Die
möglichst in kindlicher Perspektive niedergeschriebenen Erinnerungen
wurden von mir also zweifach überprüft und erweitert. Zum
einen begleitete ich sie in der vom Erinnerungstext typographisch
abgesetzten Reflexion des Erwachsenen; zum anderen
machte ich mich bald nach der ersten Niederschrift daran, die
einstigen Lebensstätten wieder aufzusuchen, sie in
ihrem Zeitkolorit zu erkunden und außerdem die inzwischen
weit verstreut lebenden Spielkameraden, Weggefährten
und auch Lehrer nach Jahrzehnten wieder zu besuchen. In den
Gesprächen mit ihnen beachtete ich vor allem die Momente,
in denen ich wieder mit „ihnen” in Berührung zu kommen
glaubte, mit ihrer Persönlichkeit und der kollektiven Dimension
unserer gemeinsamen Vorgeschichte.
Trotz
aller möglichen äußeren Veränderungen und der
unvorhersehbaren Lebenswege meinte ich die meisten Personen
in ihrer Wesensart wiedererkannt zu haben und stieß
nur selten einmal – immerhin! – auf einen Zug, den ich als
bewußte Weiterentwicklung, als
Steigerung oder auch als Ausdruck einer massiven
Selbstkorrektur hätte deuten können. Enttäuscht
war ich besonders darüber, daß kaum einer über die in unserem
Gespräch berührte Zeit, über sich selbst und seine
Erinnerungen im Sinne einer biographischen Kontinuität
oder auch Abweichung und Neuorientierung Rechenschaft zu geben
wußte; daß zwar nahezu jedermann glaubte oder doch
glauben zu machen suchte, sich unendlich weit von seinen
Anfängen fortentwickelt zu haben, für mich
jedoch eben derselbe geblieben war – und zwar stumm und bewußtlos,
beinahe wie eine Marionette
seiner Vergangenheit, mit der er so gut wie nichts mehr meinte
anfangen zu können.

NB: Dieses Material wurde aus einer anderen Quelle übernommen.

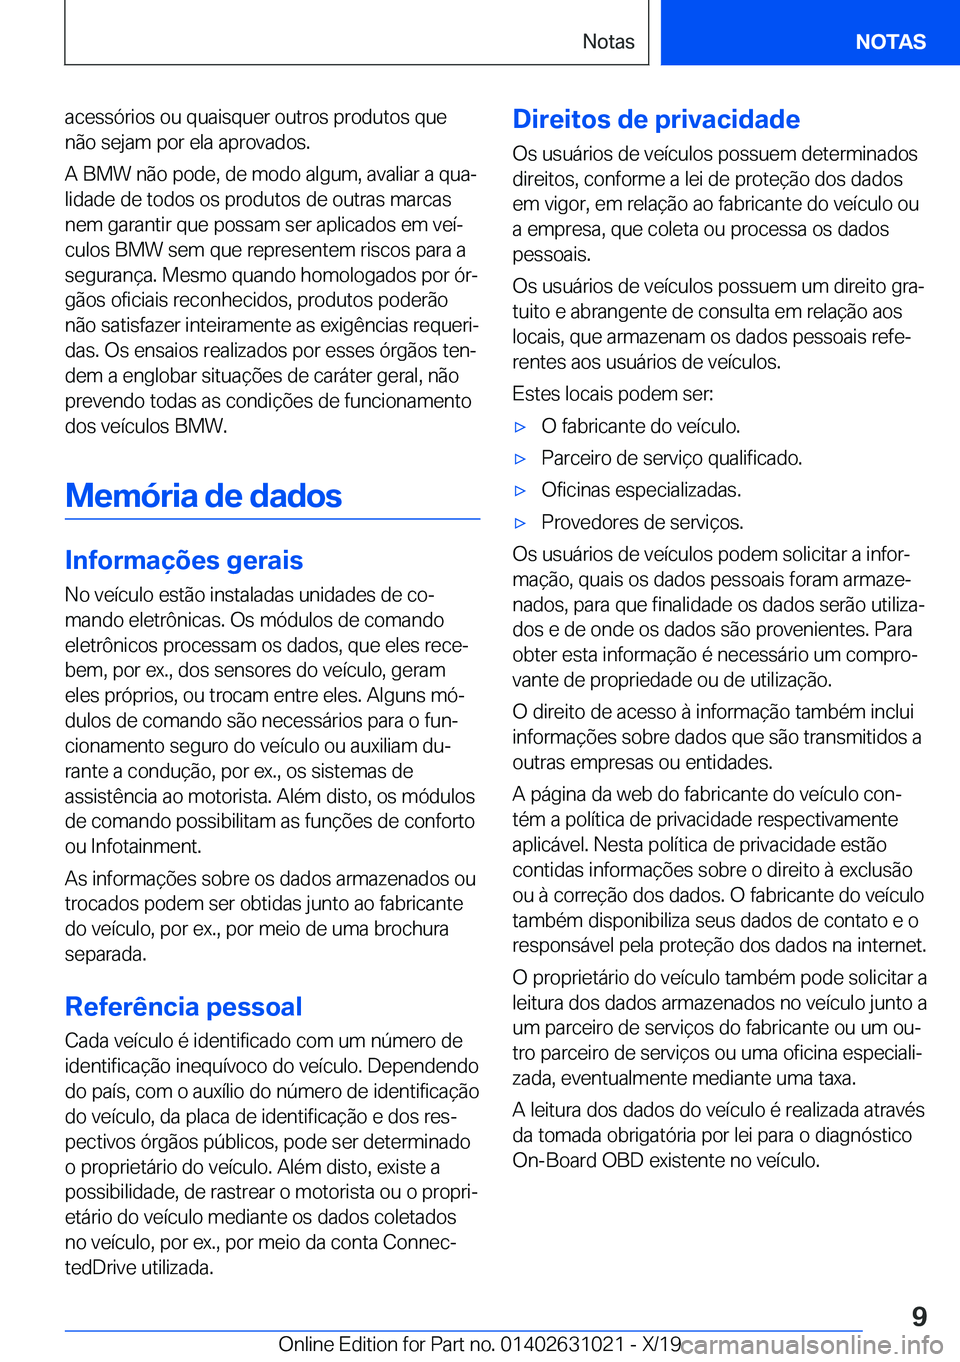 BMW 2 SERIES GRAN COUPE 2020  Manual do condutor (in Portuguese) �a�c�e�s�s�ó�r�i�o�s��o�u��q�u�a�i�s�q�u�e�r��o�u�t�r�o�s��p�r�o�d�u�t�o�s��q�u�e
�n�ã�o��s�e�j�a�m��p�o�r��e�l�a��a�p�r�o�v�a�d�o�s�.
�A��B�M�W��n�ã�o��p�o�d�e�,��d�e��m�o�d�o��a�l�

Auch die Gedächtnisstärksten
waren in der Kenntnis und Respektierung der eigenen Lebensgeschichte
in der Regel weit zurückgeblieben, anscheinend
ohne Ahnung um Ausmaß und Wert ihrer frühen Erfahrungen oder um
das, was seitdem von den eigenen Möglichkeiten alles
hatte auf der Strecke bleiben müssen. Dabei war jedermann
mittlerweile längst über das Alter hinaus, in
dem es noch um die Grundsicherung der bürgerlichen
Existenz gehen mochte.
Auf
der Rückfahrt von meinen Besuchen wurde mir wiederholt das Herz
schwer. Erneut hatte ich die Empfindung, als wäre bei
jemandem, den ich einst schätzte, ein zentraler Lebensabschnitt seit
langem schon abgestorben und als hätte ich, der
ja als einstiger Weggenosse mit zu dieser verschwundenen
Erinnerungssphäre gehörte, für
immer einen wichtigen Zugang zu mir selbst verloren.
Allerdings
hatte ich ja meine Erinnerungen an Kindheit und Jugend soeben erst -
wenn auch nur in einer Rohfassung - ausführlich zu Papier
gebracht. War ich bloß erschöpft oder wie ausgeschrieben?

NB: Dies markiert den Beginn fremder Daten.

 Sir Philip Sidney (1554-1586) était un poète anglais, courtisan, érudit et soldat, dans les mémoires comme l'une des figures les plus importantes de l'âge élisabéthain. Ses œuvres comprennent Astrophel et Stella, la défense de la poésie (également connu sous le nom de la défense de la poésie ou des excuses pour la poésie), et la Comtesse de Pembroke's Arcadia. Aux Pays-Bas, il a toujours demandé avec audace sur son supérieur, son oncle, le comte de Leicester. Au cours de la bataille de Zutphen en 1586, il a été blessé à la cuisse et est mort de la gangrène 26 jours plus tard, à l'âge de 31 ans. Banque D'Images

Und glaubte ich die Weggefährten eigentlich
erst jetzt verloren zu haben, nachdem ich sie in der
Erinnerungsbeschreibung unseres gemeinsamen
Milieus und in dem meist nachfolgenden Gespräch besser einzuschätzen
wußte? Oder gab mir eher meine oben behauptete
Vermutung den Rest, daß es für die anderen wie für mich selber
keine nennenswerte innere Entwicklung
gegeben hätte? So daß auch all das, was ich da über Jahre hin in
Erinnerung gerufen hatte, bloß retrospektiv
und im Grunde fruchtlos bleiben müßte?